BUSN 40206 Healthcare Business Analytics (Winter)
In this class, you will learn how data analytics drives the business of healthcare. The course combines lecture and discussion with hands-on work with large, real-world healthcare datasets. You will learn the underlying logic and calculations of value-based hospital reimbursement, outcomes measurement, and benchmarking, working directly with patient-level claims datasets from CMS (Centers for Medicare and Medicaid Services) and elsewhere. Students interested in the Healthcare Analytics Laboratory (Bus 40721) are strongly encouraged to enroll in this class. While this course is designed to complement the Healthcare Analytics Lab, it is a standalone offering and can be taken independently. Students seeking exposure to healthcare data analytics who are unable to make the commitments the Lab requires will find it useful preparation for future endeavors.

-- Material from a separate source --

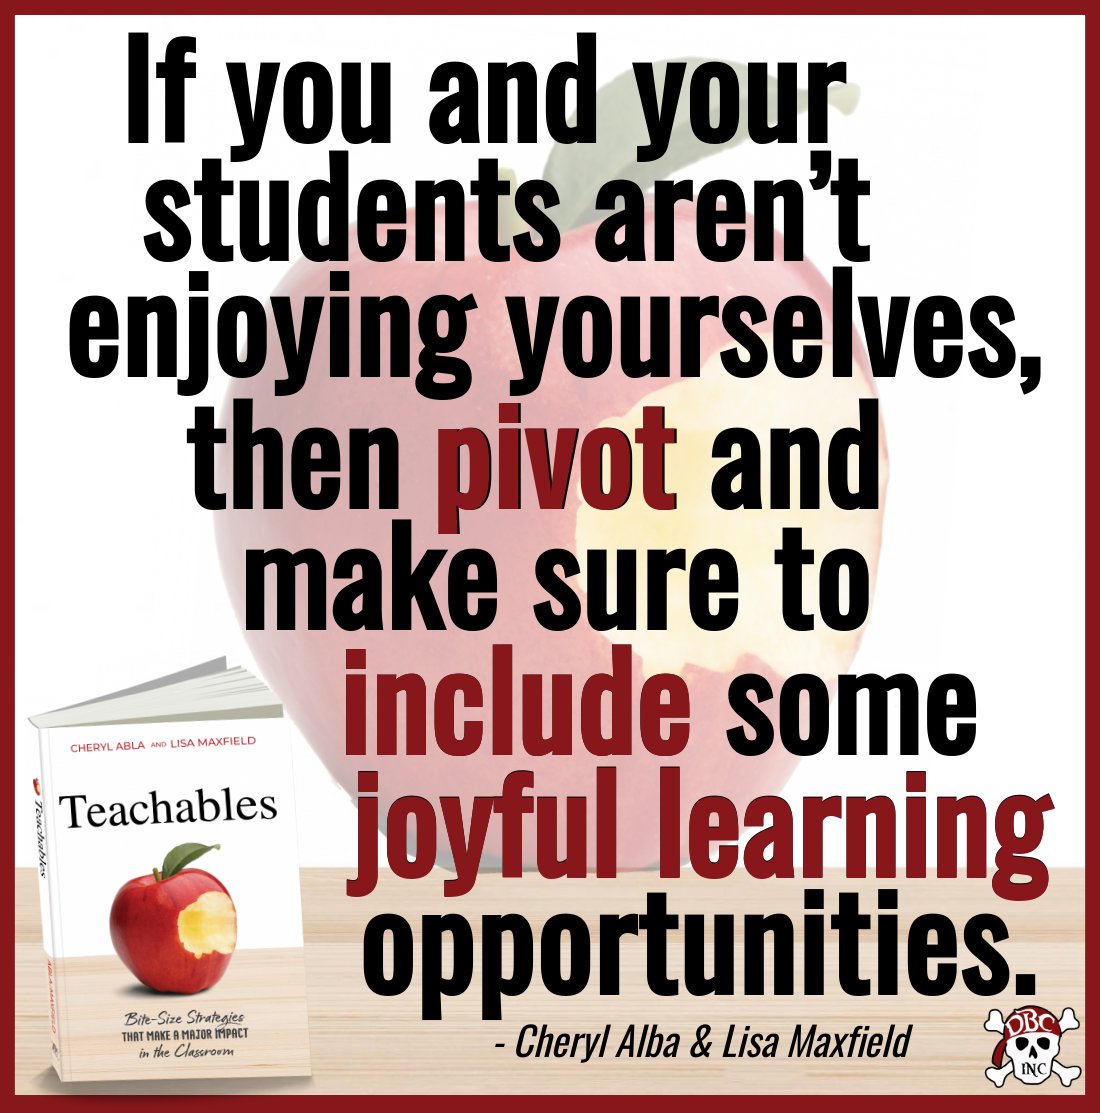 Let's be sure to include 'joyful learning opportunities.' Need ideas? ➡️🍎 #Teachables: Bite-Size Strategies That Make a Major Impact in the Classroom 📖 amazon.com/Teachables-Bit… #tlap #LeadLAP @leemaxfield29 @cherylabla @burgessdave @TaraMartinEDU
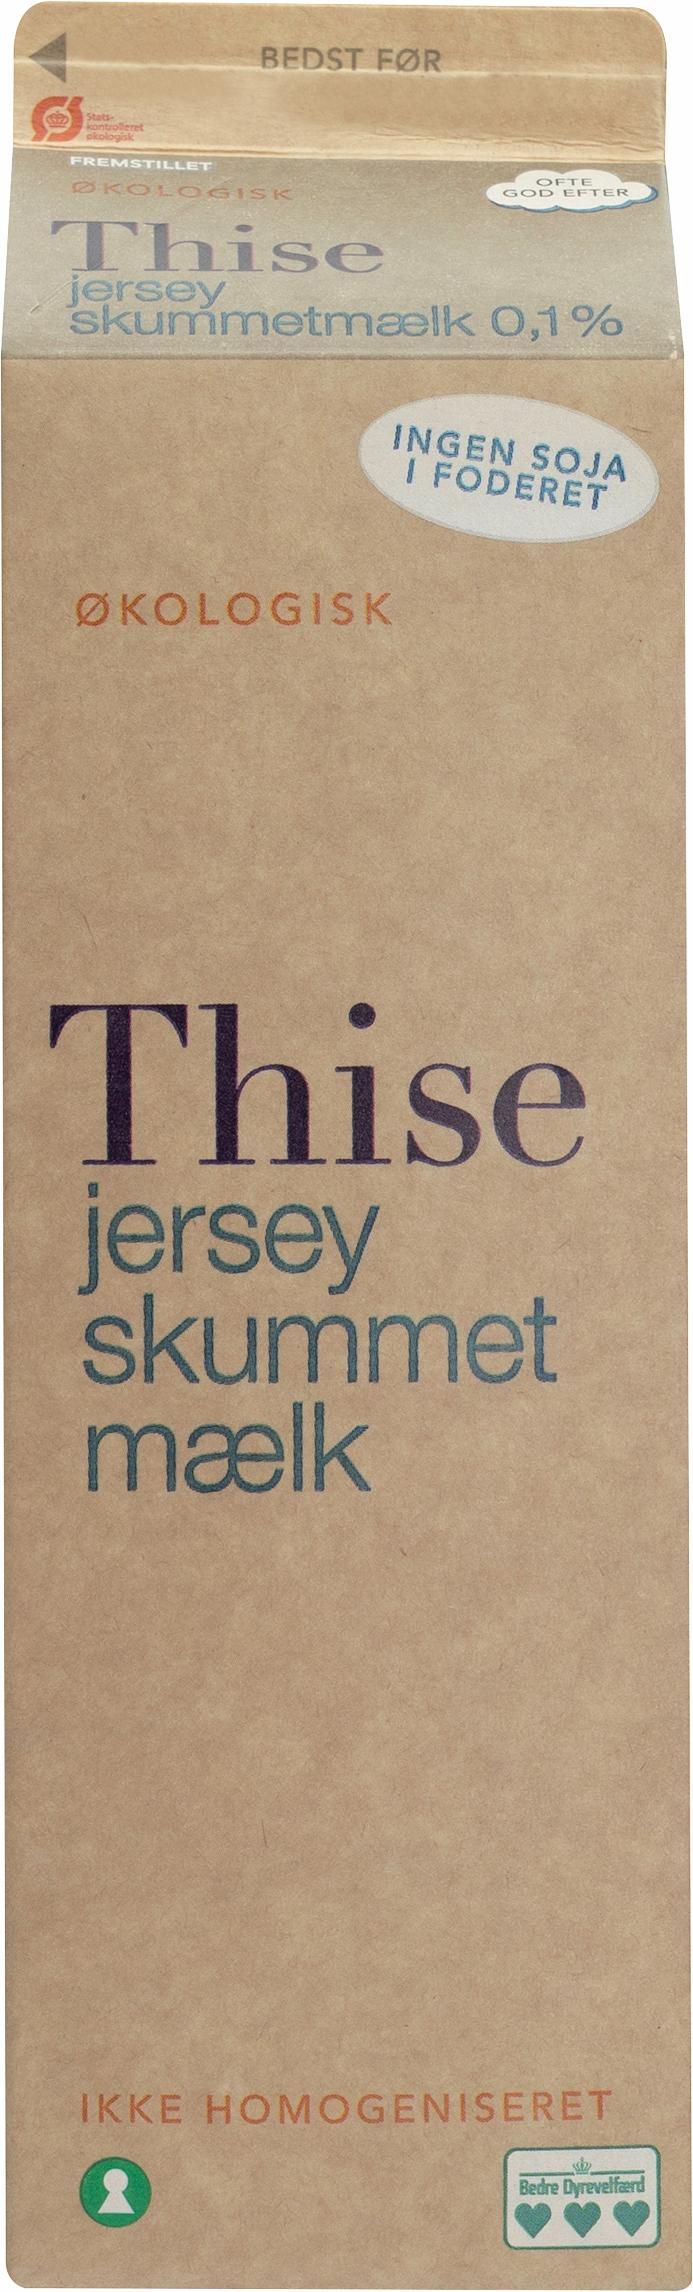 Thise Skummetmælk Jersey 0,1% 1L

PREREQUISITES: Basic statistics and introductory exposure to R programming. (The later can be achieved through various online introductory tutorials, if needed.) Students will not be required to write code, but occasionally you will be required to run or slightly edit pieces of code provided by the instructor. Almost all numerical work will be conducted using “point-and-click” recipes in Data Science Studio by Dataiku. Thus, students should have a willingness and interest in learning powerful new software tools and working with real data to transform it into usable management insights. All Non-Booth students require instructor approval: strict. Cannot enroll in 40206 if you have taken 40205 or 40201: strict.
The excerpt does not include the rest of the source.